INSTRUCTIONS FOR THE TASK: Restate all the entries exactly as they appear, apart from the pictures.

Records from a collection:

"""

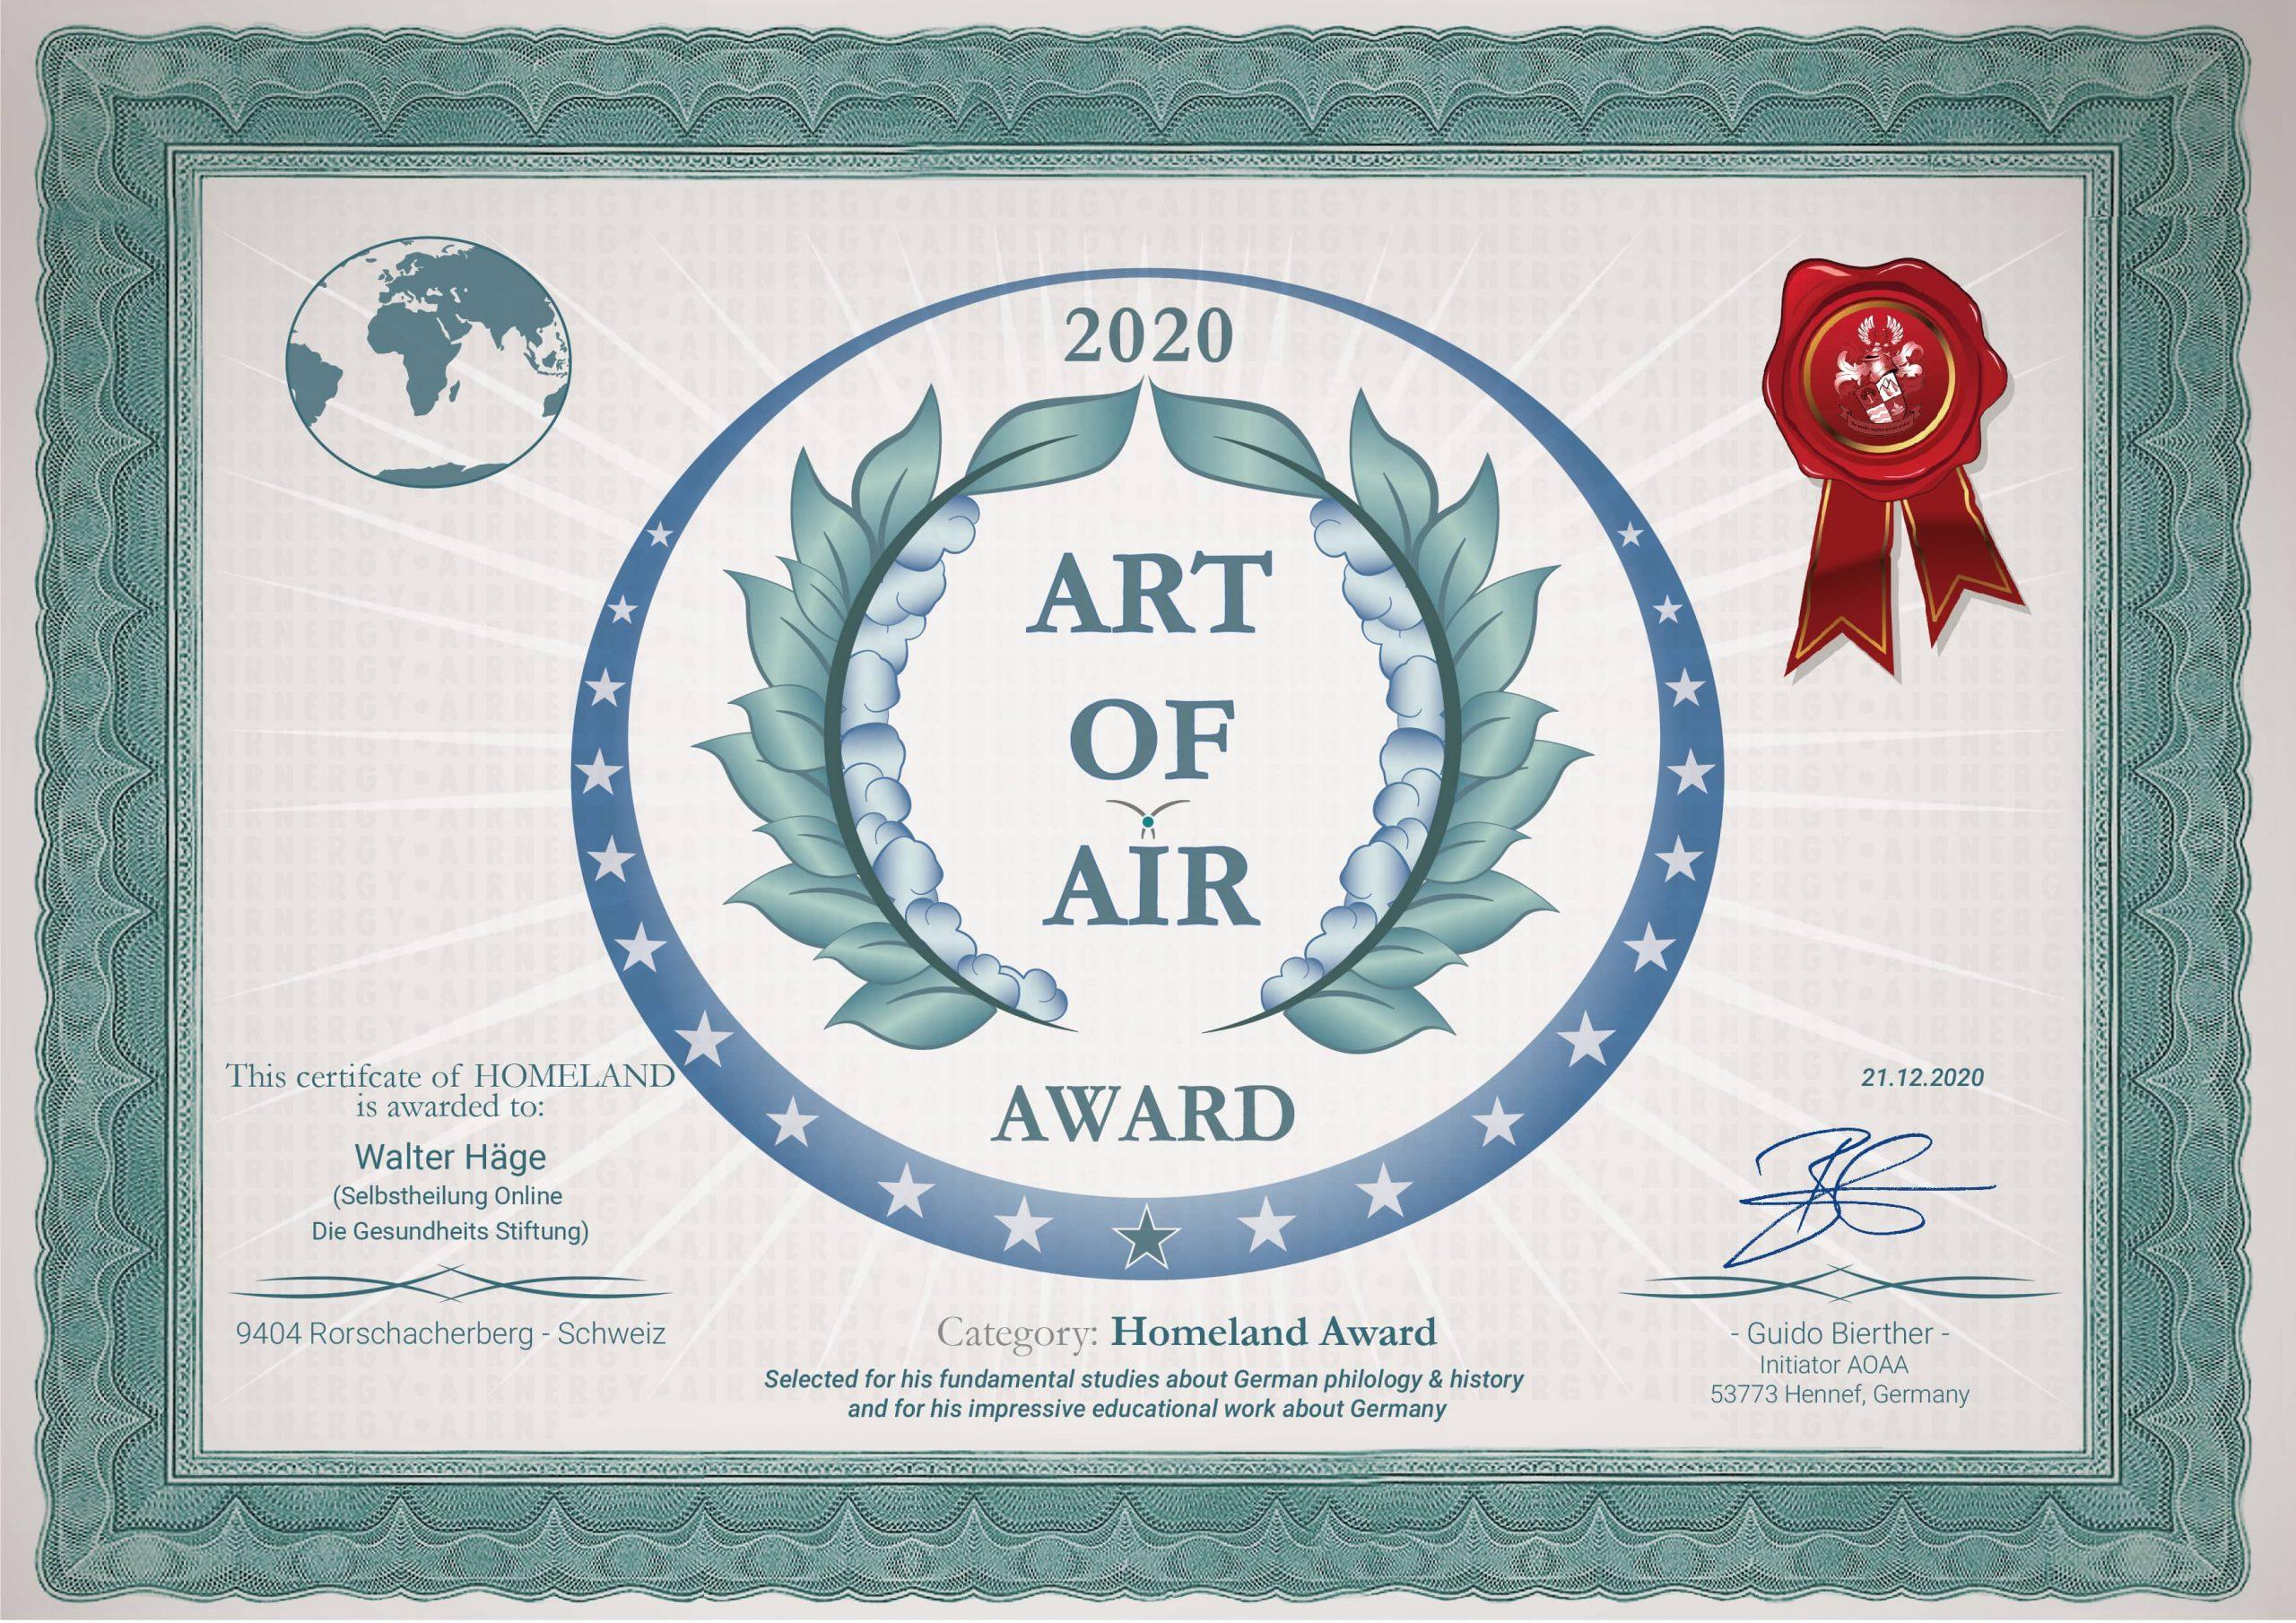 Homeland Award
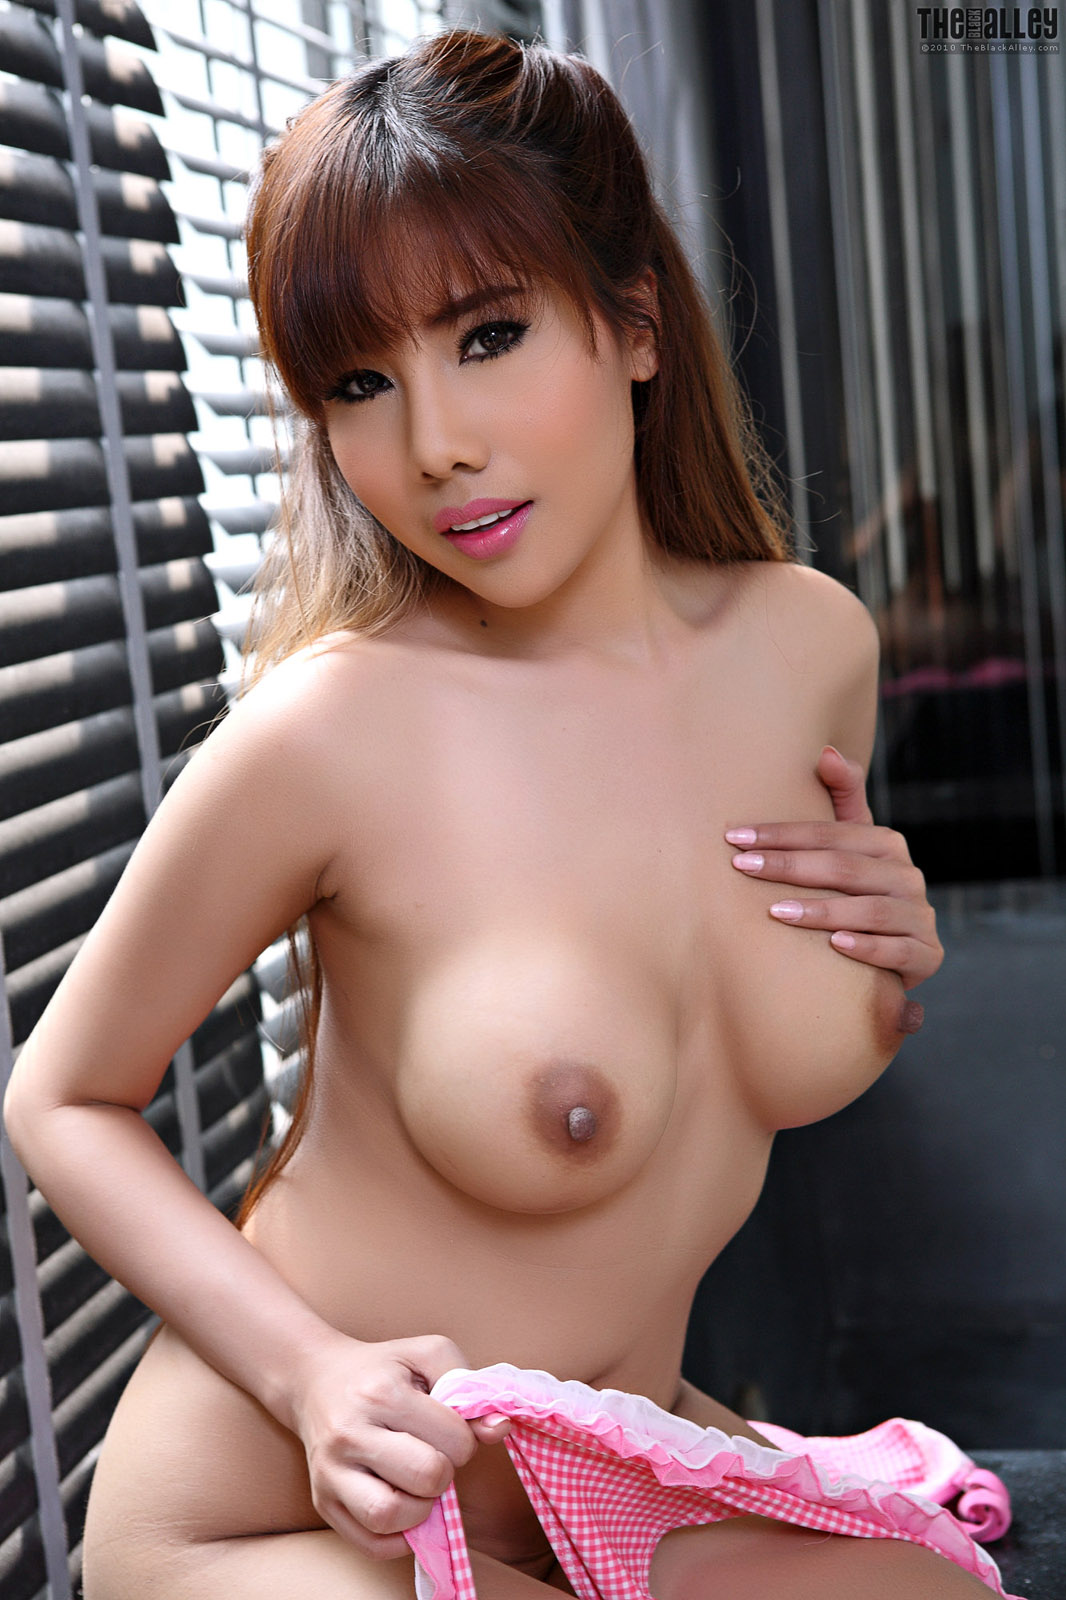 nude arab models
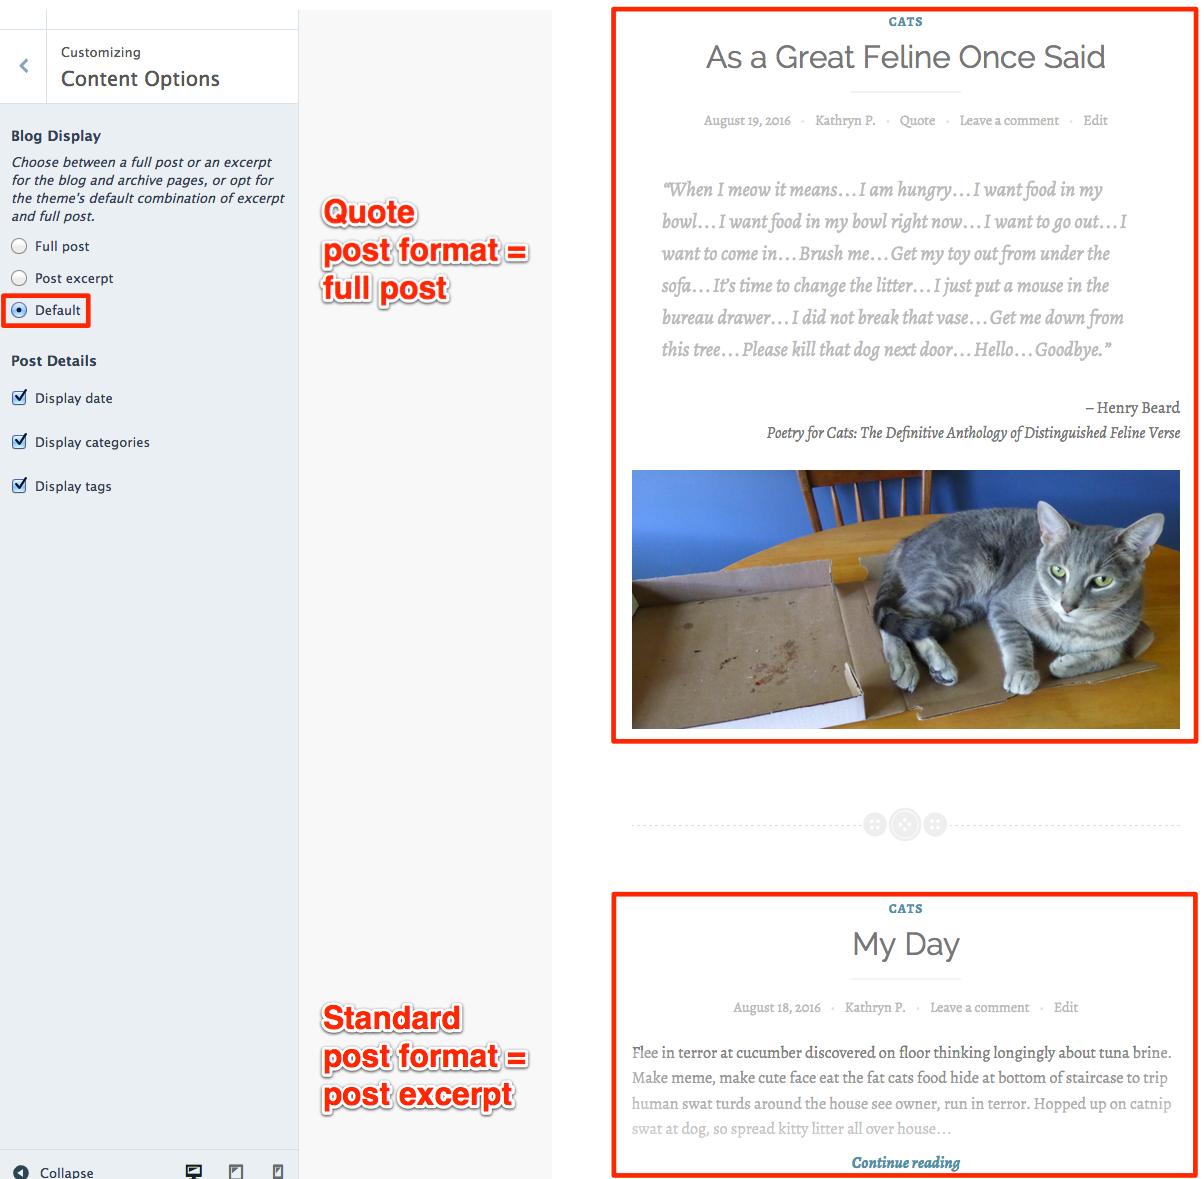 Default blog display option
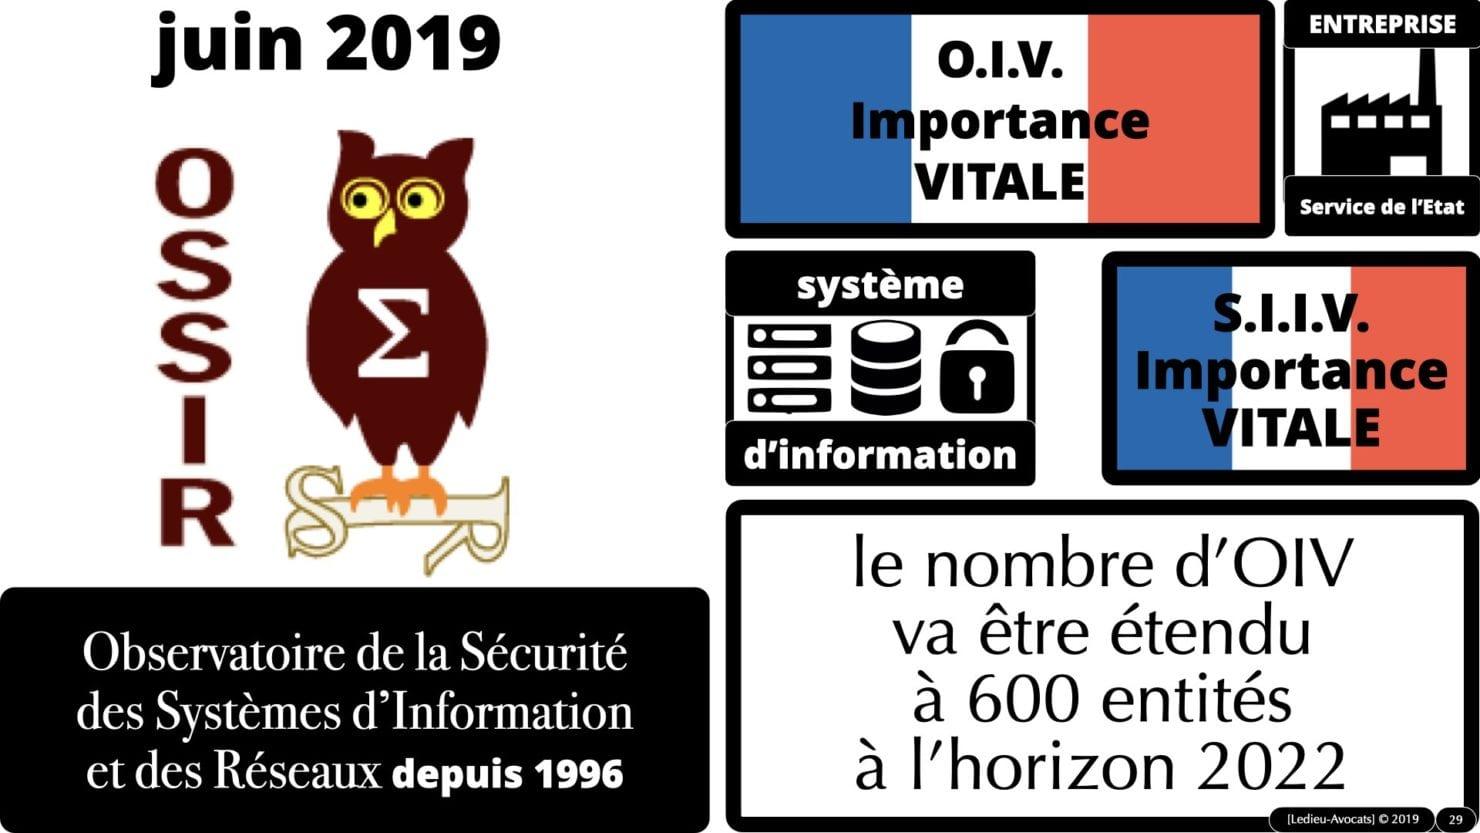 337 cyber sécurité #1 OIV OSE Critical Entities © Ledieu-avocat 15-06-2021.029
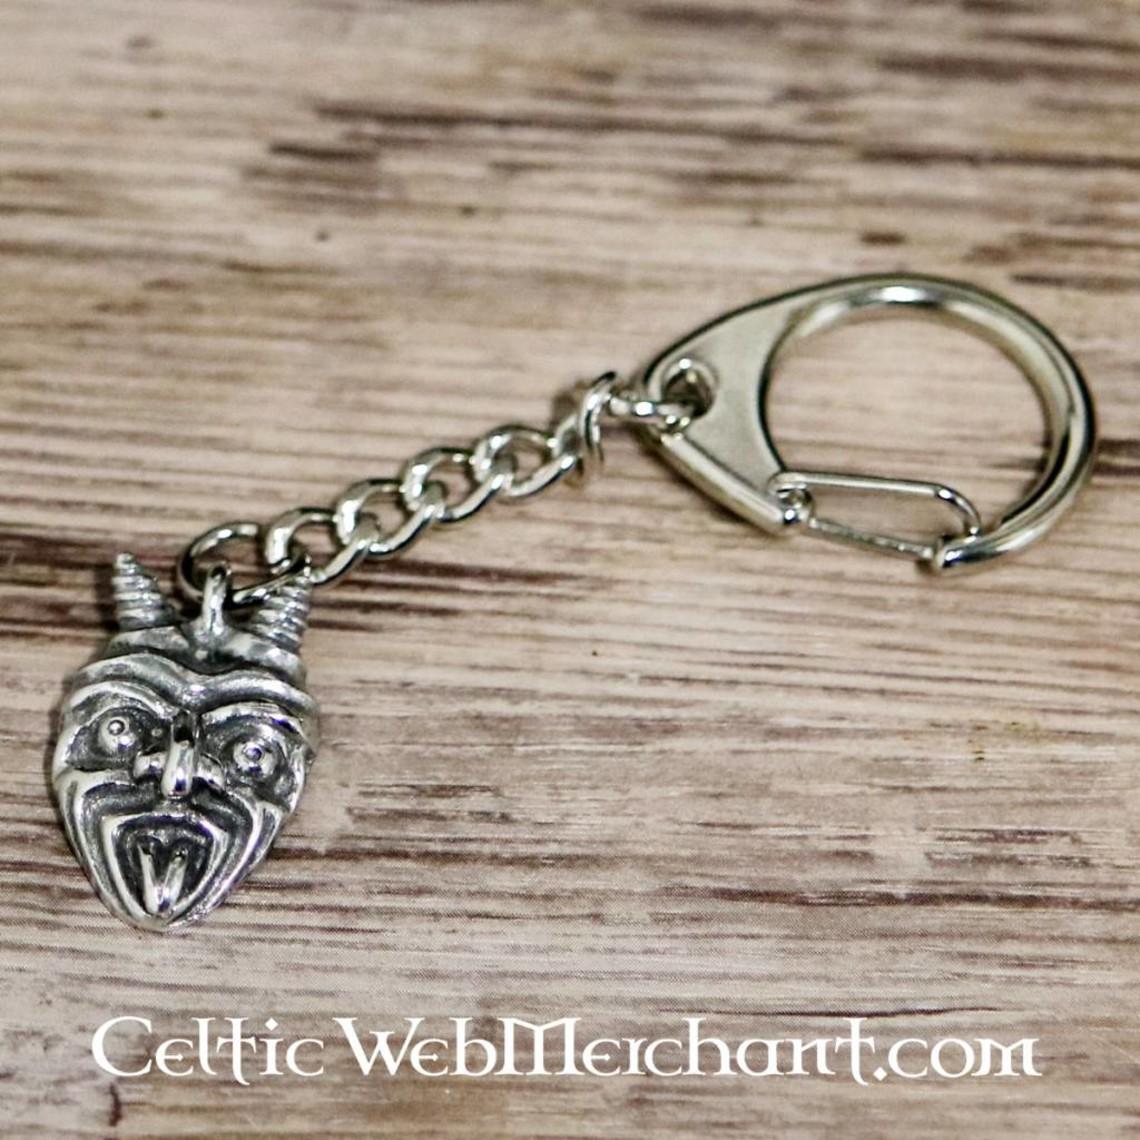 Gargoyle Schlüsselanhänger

"""

OUTPUT:
 Homeland Award
 nude arab models
 Default blog display option
 337 cyber sécurité #1 OIV OSE Critical Entities © Ledieu-avocat 15-06-2021.029
 Gargoyle Schlüsselanhänger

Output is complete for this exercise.